Supplied material:
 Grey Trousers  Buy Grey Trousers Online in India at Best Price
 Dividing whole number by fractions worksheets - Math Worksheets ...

...

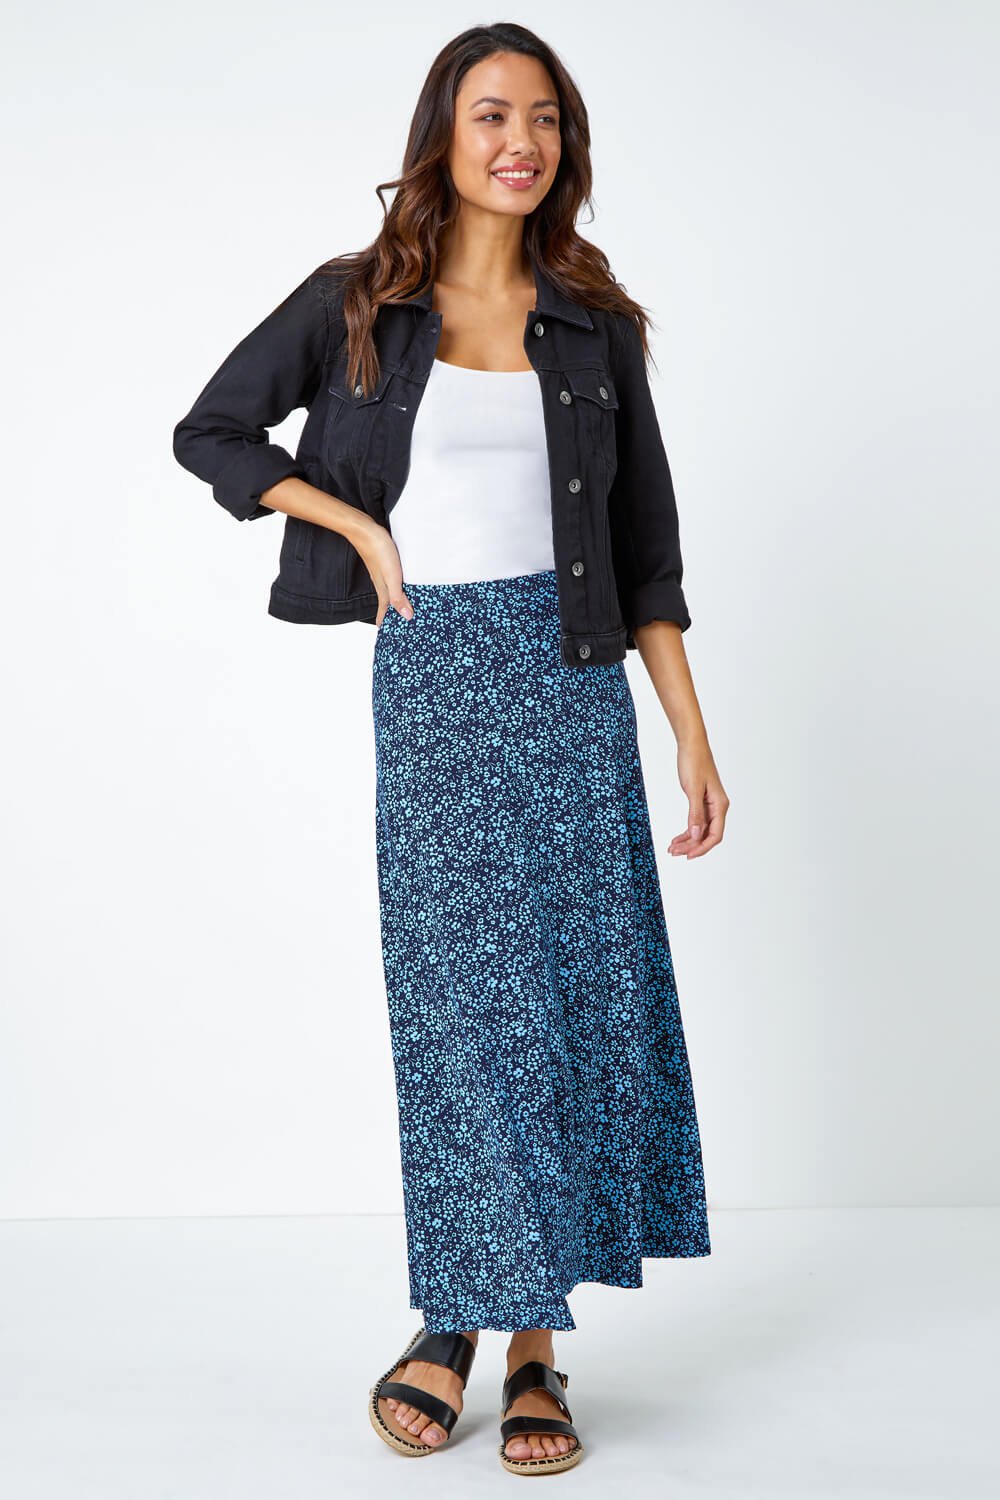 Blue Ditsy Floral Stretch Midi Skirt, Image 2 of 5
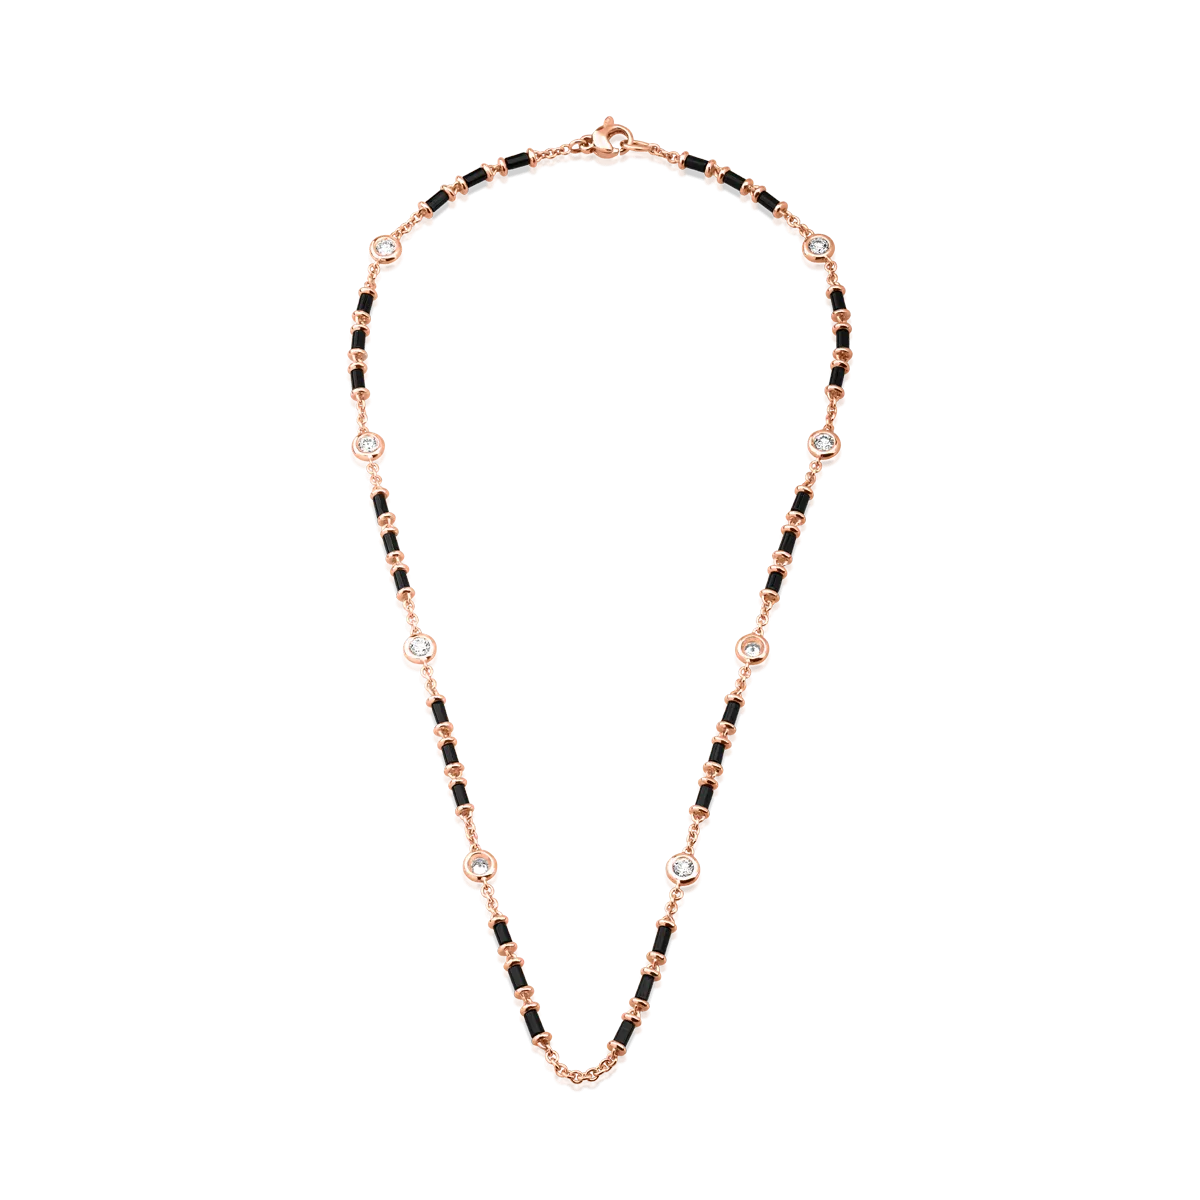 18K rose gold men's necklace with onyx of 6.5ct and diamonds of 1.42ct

Task item: Within the listing above, write out the stretch from the line with "Blue Ditsy Floral" through the line with "18K rose gold" exactly. Any pictures are to be left out.

Written solution:
 Blue Ditsy Floral Stretch Midi Skirt, Image 2 of 5
 18K rose gold men's necklace with onyx of 6.5ct and diamonds of 1.42ct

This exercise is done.